The Women’s Fund Miami-Dade has partnered with the Miami Super Bowl Host Committee and the Office of Miami-Dade State Attorney Katherine Fernandez Rundle to lead The Stop Sex Trafficking Campaign. Throughout 2019 and leading up to, through, and beyond Super Bowl 2020 in Miami,The Women’s Fund will engage stakeholders from the local, national and international community to develop initiatives to create awareness, enhance services and support systems for victims, and increase reporting of sex trafficking to law enforcement.

To spread the word around and reach a larger community, The Women’s Fund Miami-Dade also uses social media and email campaigns. Social media platforms such as Facebook and Twitter are vastly used for Digital storytelling, Broadcasting Live streams, communicating with groups, as well as sending messages across to the communities and beyond connecting people from different spectrums.
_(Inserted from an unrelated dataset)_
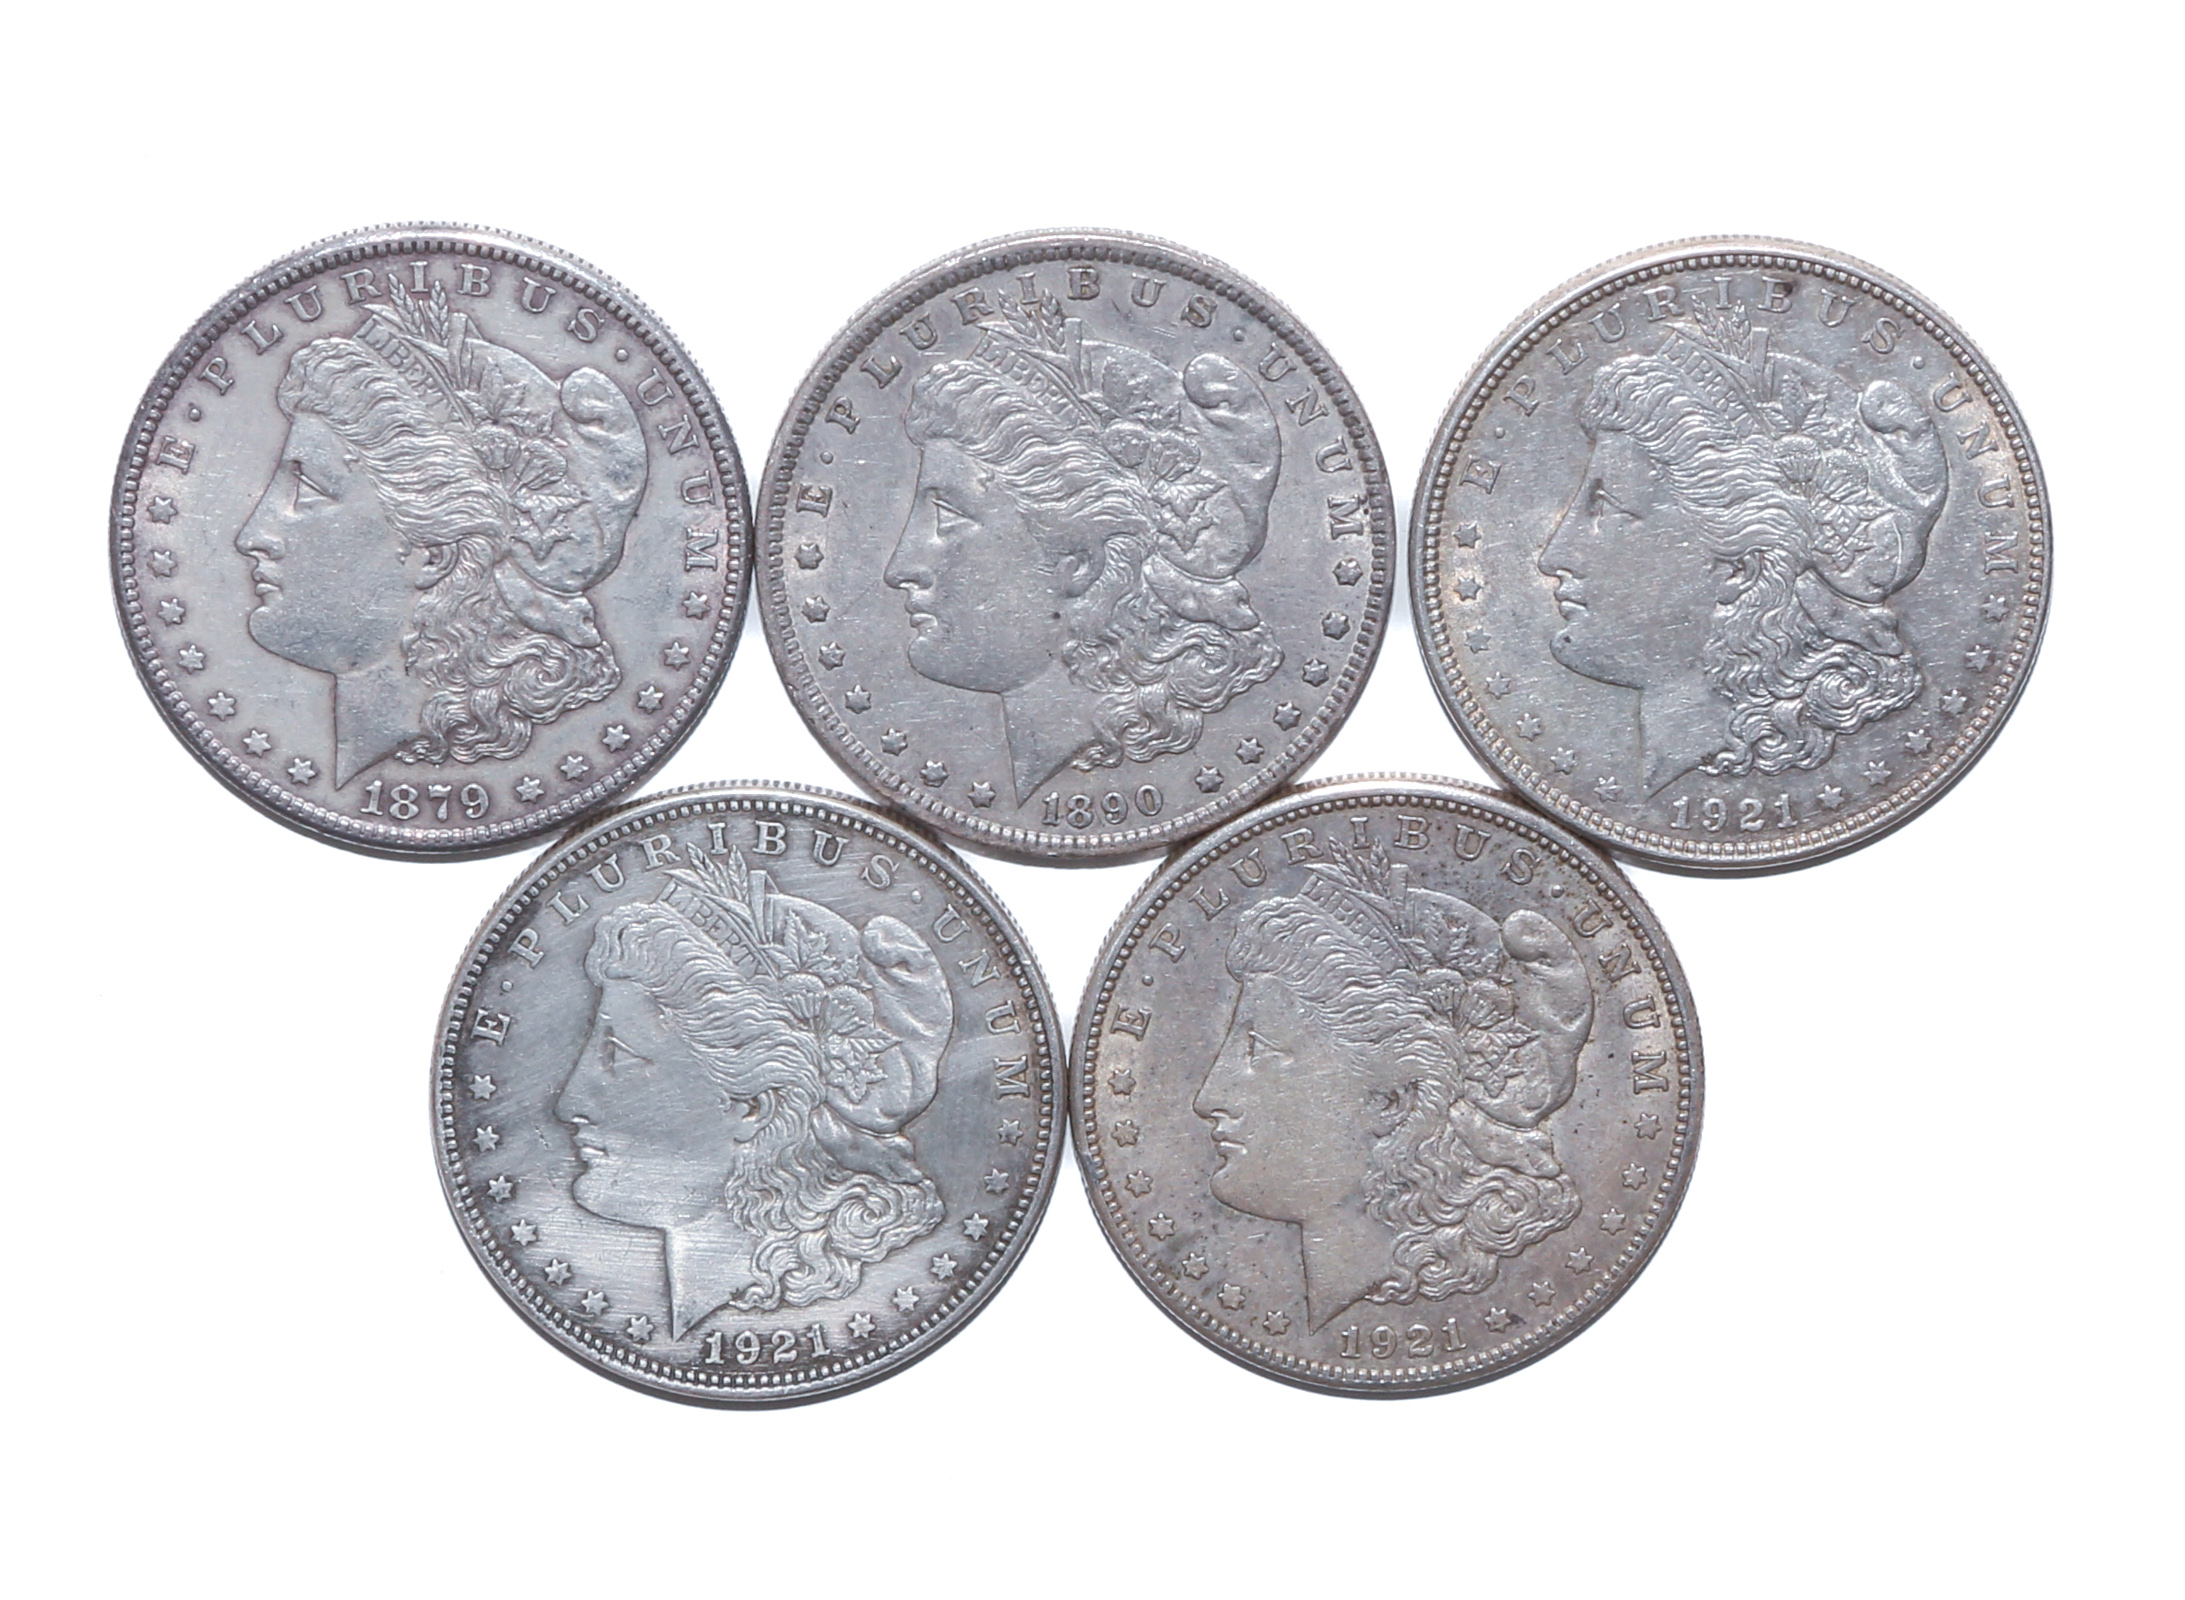 FIVE MORGAN SILVER DOLLARS 1879-S

Similarly, outdoor advertising methods are also used to publicise the organisation’s messages. As examples, Carolina emphasised their outdoor campaigns, which make use of roadside billboards, metro rail systems, bus-stop shelters and even digital trucks. Sending of Invitations via electronic media and report generation have also been digitised within The Women’s Fund Miami-Dade.

She further provides insights on how the organisation’s fundraising efforts during their main luncheon event have been digitised as well. An example of which is the annual fundraiser of the organisation, “The Power of the Purse,” where guests bid on auction items using their phones or iPads, instead of using the classical methods of paper or bidding live.

Carolina concludes with a valuable insight, that a digital mindset is of utmost importance in driving their mission, as digitalisation not only builds capacity of a community but also provides an opportunity to carry their message to the rest of the world.

Carolina Garcia

Carolina Garcia is the Programs and Operations Director at The Women’s Fund Miami-Dade. She moved back to Miami after completing a master’s degree in international relations at Harvard University, and working for Colombia’s second public university as international cooperation advisor. She worked hand in hand with scientists, diplomats, and the University’s International Affairs Office to develop unprecedented partnerships and collaborations with science giants like the Max Planck Society, Groningen University, and Natural History Museum, London. Her love for Miami brought her back to the city she’s called home for the greater part of her life.

Carolina has also worked as community organizer, working for international organizations like OXFAM America, which focuses on the alleviation of global poverty, and cultural and arts institutions like the American Repertory Theater in Boston, and Miami Film Festival. More recently, Carolina worked as operations executive of the Alacran Foundation, launching the nonprofit’s first operations in Jamaica in partnership with the Bob Marley Foundation.

She is a professional translator between English and Spanish, and a food, travel, art, and nature lover.